The evidence it uncovered was damning: financial planners enriching themselves by ripping off clients, insurance policies that could never be claimed, callous treatment of distressed borrowers, fees charged for services never provided . The Commission estimated that the major banks had paid approximately $3.7 billion in compensation for fees-for-no-service misconduct, and approximately $227 million in compensation for non-compliant advice .

Commissioner Hayne was so disgusted that when he handed the report to Treasurer Josh Frydenberg, he refused to shake his hand . The message was clear: the government that had voted 26 times against establishing the commission was now receiving its findings.

What Frydenberg Did

Josh Frydenberg pledged to take action on all 76 recommendations .

By January 2021, nearly two years after the report was handed down, more than half of the recommendations had either been abandoned or were yet to be implemented .

Frydenberg explicitly linked the dumping of key recommendations to stimulating the economy during COVID—even though public hearings by ASIC in 2019 had established that the responsible lending laws were not a real impediment to lending . Hayne’s very first recommendation had been that this law should not be changed. Frydenberg changed it anyway.

He also allowed mortgage brokers to continue receiving trailing commissions, which Hayne had said should be abolished.
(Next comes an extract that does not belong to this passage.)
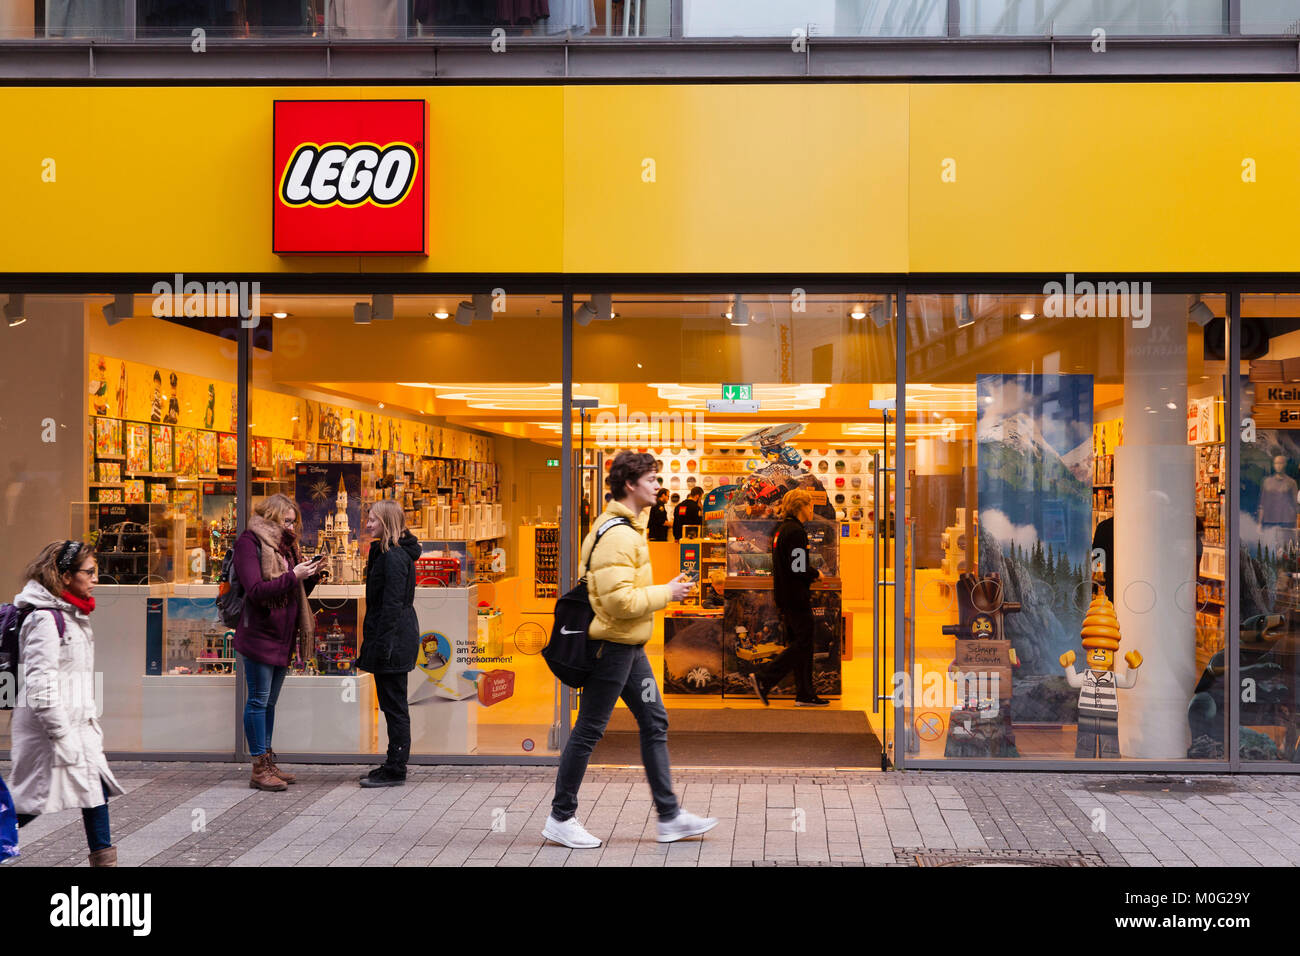 Toy Store High Resolution Stock Photography and Images - Alamy

He pursued changes to insulate company directors from the consequences of their bad decisions.

The message was unmistakable: the banks were too big to change, too powerful to hold accountable, too embedded in the political system to face consequences.

Where We Are Now

Five years on from the Royal Commission, progress has been made on some fronts. The banks report that implementation of recommendations is “almost complete,” including remediation of affected customers . The Financial Accountability Regime (FAR) has replaced the Banking Executive Accountability Regime (BEAR), extending accountability obligations to a wider range of financial services firms .

But conduct and culture issues persist. The Australian Financial Complaints Authority (AFCA) received 60,076 complaints in the banking and finance sector in 2023-24—a 12 per cent increase from the previous year, which itself was a 27 per cent increase from the year before that .

Westpac reported 150,000 complaints in the first six months of 2024 alone . The banks attribute the surge to scams and interest rate increases. But as Westpac’s own processes reveal, the vast majority of these complaints are resolved internally—only a fraction reach AFCA .

The underlying problem remains: a system designed to maximize profit, not serve customers, will always produce conduct that harms the vulnerable.

Part III: The Regulatory Vacuum

The Attack on Oversight

In late 2025, the Labor government and Greens Senators signed off on changes that would reduce the frequency of reviews of ASIC and APRA by the Financial Regulator Assessment Authority (FRAA) .

The justification? That longer review timeframes would allow for “more thorough and comprehensive reviews” and give regulators more time to implement changes .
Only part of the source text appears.